After Svami’s tirobhava in 1977 his whole library was eventually donated to the library of the University of Basel by Phyllis Imhof in 1987. He had rented a room in her house in Basel which she had kept as it was for another 10 years. In 2010 Benedikt Vögeli, the official responsible for this collection, informed us that Svami’s library contained ca. 250 volumes or eight shelf metres, half of them in Indian languages. Handwritten texts however, were never given to the UB Basel. In the year 2001, a scientific assistant dealt with the collection. Subsequently the head of the UB decided, after consulting experts at the University of Basel, to hand over the section in Indian languages (ca. 140 titles) to the department of Indology at the University of Zürich. The rest was catalogued by the UB Basel and included into their stock insofar as they were not already part of it. The duplicates were given to the Indogermanistic library of the University of Basel (under Prof. Dr. Rudolf Wachter).

Of the more or less 140 titles of the ”collection Schulze” now 27 titles in English and German language are to be found in the catalogue of the IDS Library Association Basel Bern. The titles in Indian languages, however, obviously didn’t go to the Department of Indology of the University of Zürich, but back to Mrs. Imhof. She bequethed them in 1989 to Mr. Georg Wagner, who had been studying under Svami in Basel in the early Seventies and who also knew Sanskrit. As that part of the estate, that belonged to Svami, contains round about 140 titles and mostly in Indian languages, they are most probably exactly those books that were originally meant to go to Zürich.

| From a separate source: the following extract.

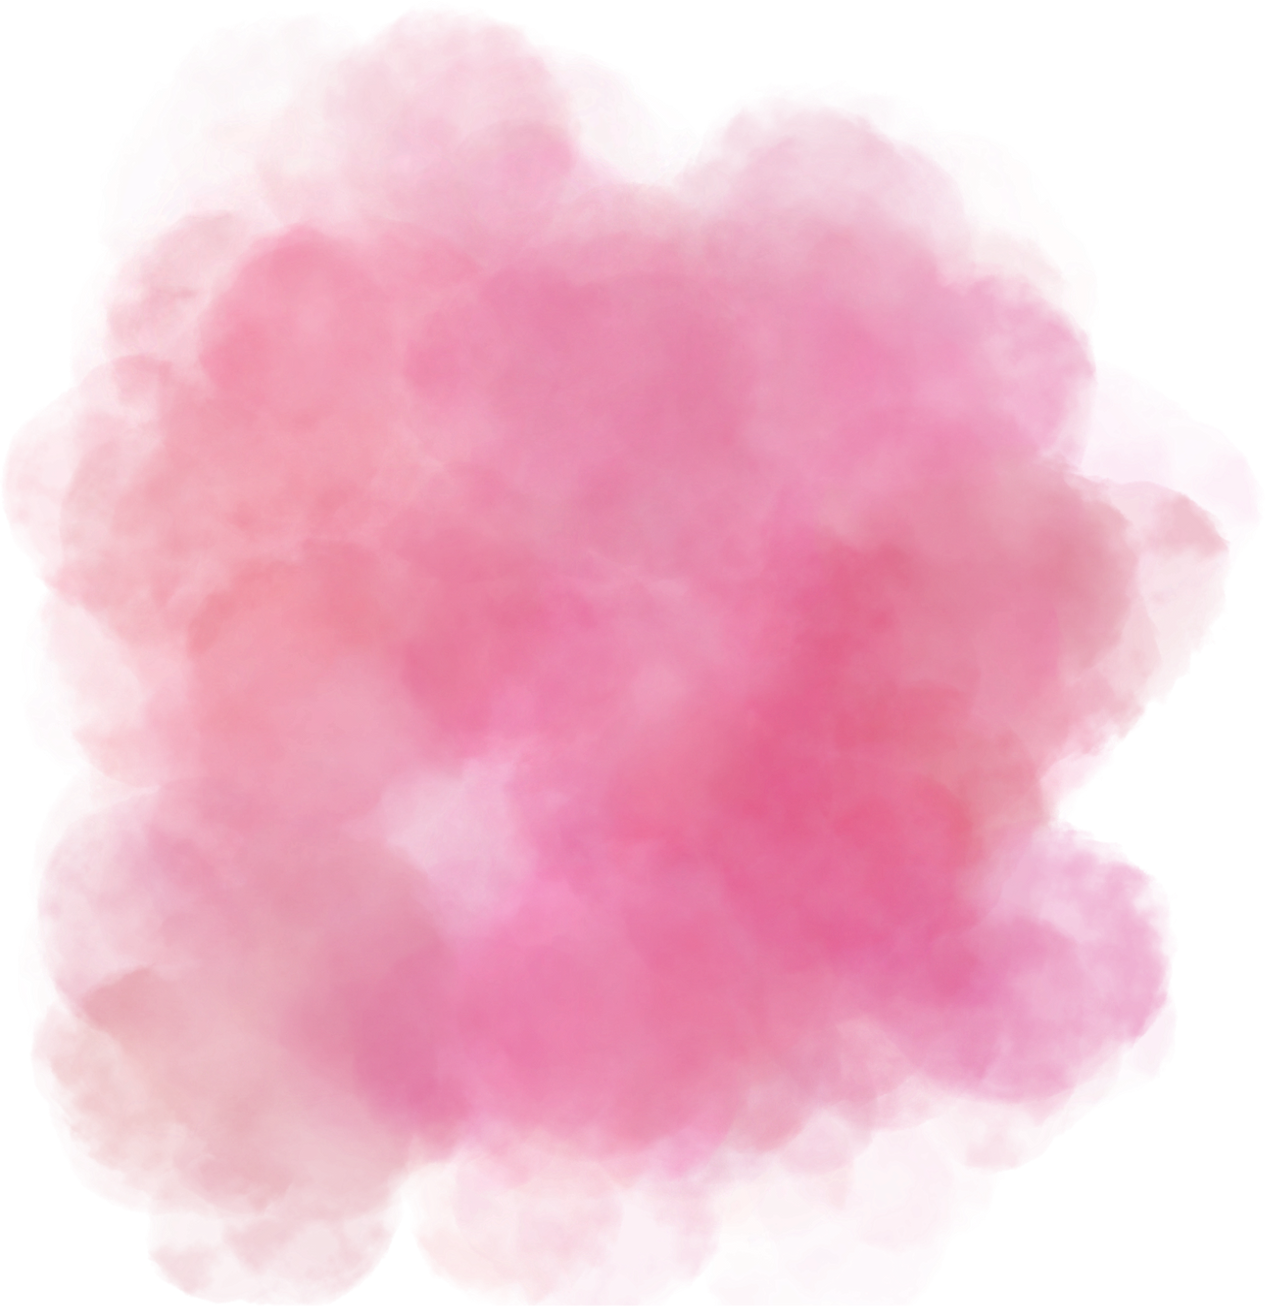 Pink watercolor splotch

After Georg Wagner’s demise in 2013 his son and heir, Pasqual Wagner, contacted us via Prof. Dr. Frank Neubert of the Department of Religious Studies at the University of Bern. He generously donated these books to the Sadananda-archive where they will be stored and further worked with. The estate not only comprises books that also contain handwritten comments and translations by Svami but other manuscripts of Svami as well, that had been inherited by his father after the demise of Phyllis Imoff in 1989.

We hereby express our gratitude to all who were involved in saving these texts which are very valuable for our work/seva, especially Pasqual Wagner, Prof. Dr. Frank Neubert and Ursula Bründler Stadler, who had kindly stored the books/texts for about two years.